For at least one child in DC, the student pay system is working. It’s helping to close the achievement gap. Hooray to Roland Fryer and the system he created to pay students $50 for every A earned. (Check out The Colbert Report’s interview with the founding economist of the program.)
This child was one of those solid-D, maybe-C students. One of the sweet ones in middle school who didn’t cause a ruckus in class, but who straggled to class and needed four reminders to pull out a pencil and follow along with the guided reading notes. He has a learning disability, but the work was modified enough and in rare times of motivation, he had shown he could do it well. The problem was that motivation.

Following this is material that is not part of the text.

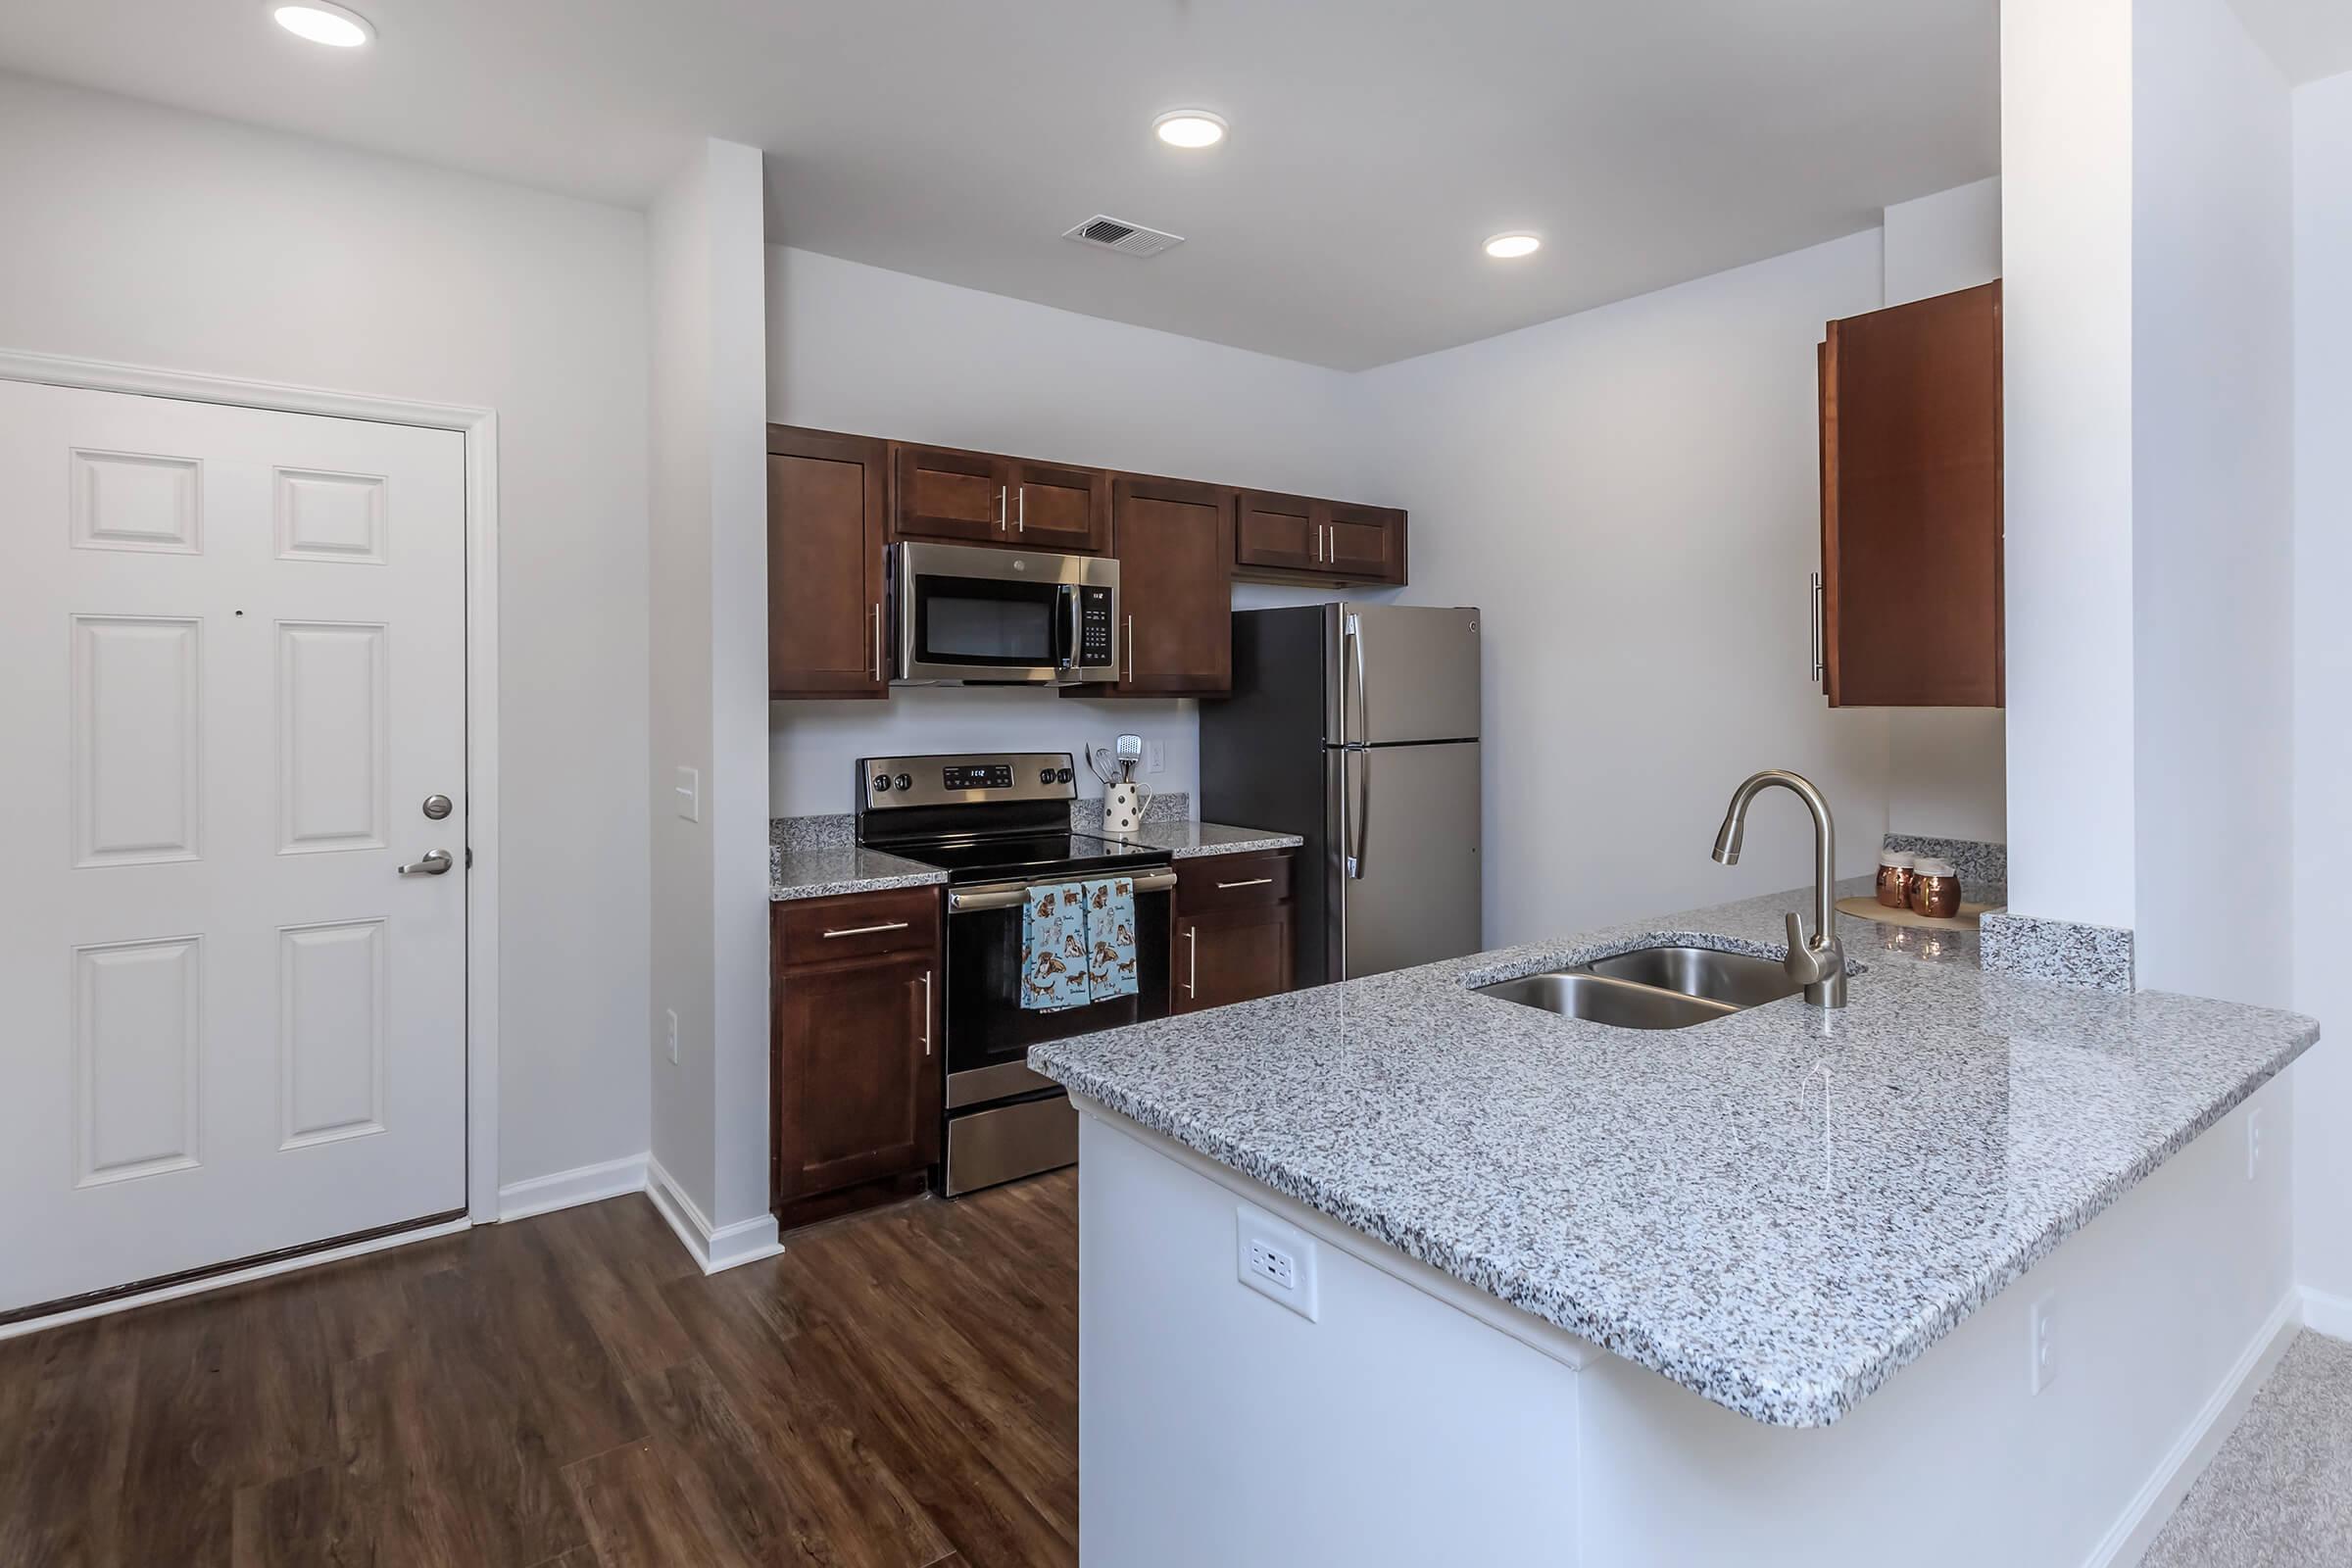 Clarendon Offers A Modern Kitchen In Riverstone Apartments At Long Shoals In Arden, NC

But over the past two months, all that has changed, his teacher told me. He’s coming in for extra help, he just needs a quick reminder to stay on task, and he eagerly awaits their weekly reading quiz. He even admitted to studying really, really hard for it. Which would explain that 89% that he received on the figurative language analysis quiz. What changed him around? The student-pay system implemented this year in Washington, DC.
And you know what else changed him around? A really amazing teacher who teaches standards-aligned material that is rigorous, based in literature and uses effective guided notes and assessment practices. I’m typically a skeptic when it comes to fancy systems that seem to be grounded in something so innovative that it seems terribly far removed from actual learning and achievement in the classroom. I’m especially skeptical when the quality and rigor of teacher instruction isn’t a major component of the system. I’m more convinced that the student pay system can motivate some kids to study harder-- but what are we doing to guarantee that what they’re studying is the right thing, or that they’re being taught it at all? Oh right. That’s called teacher merit pay.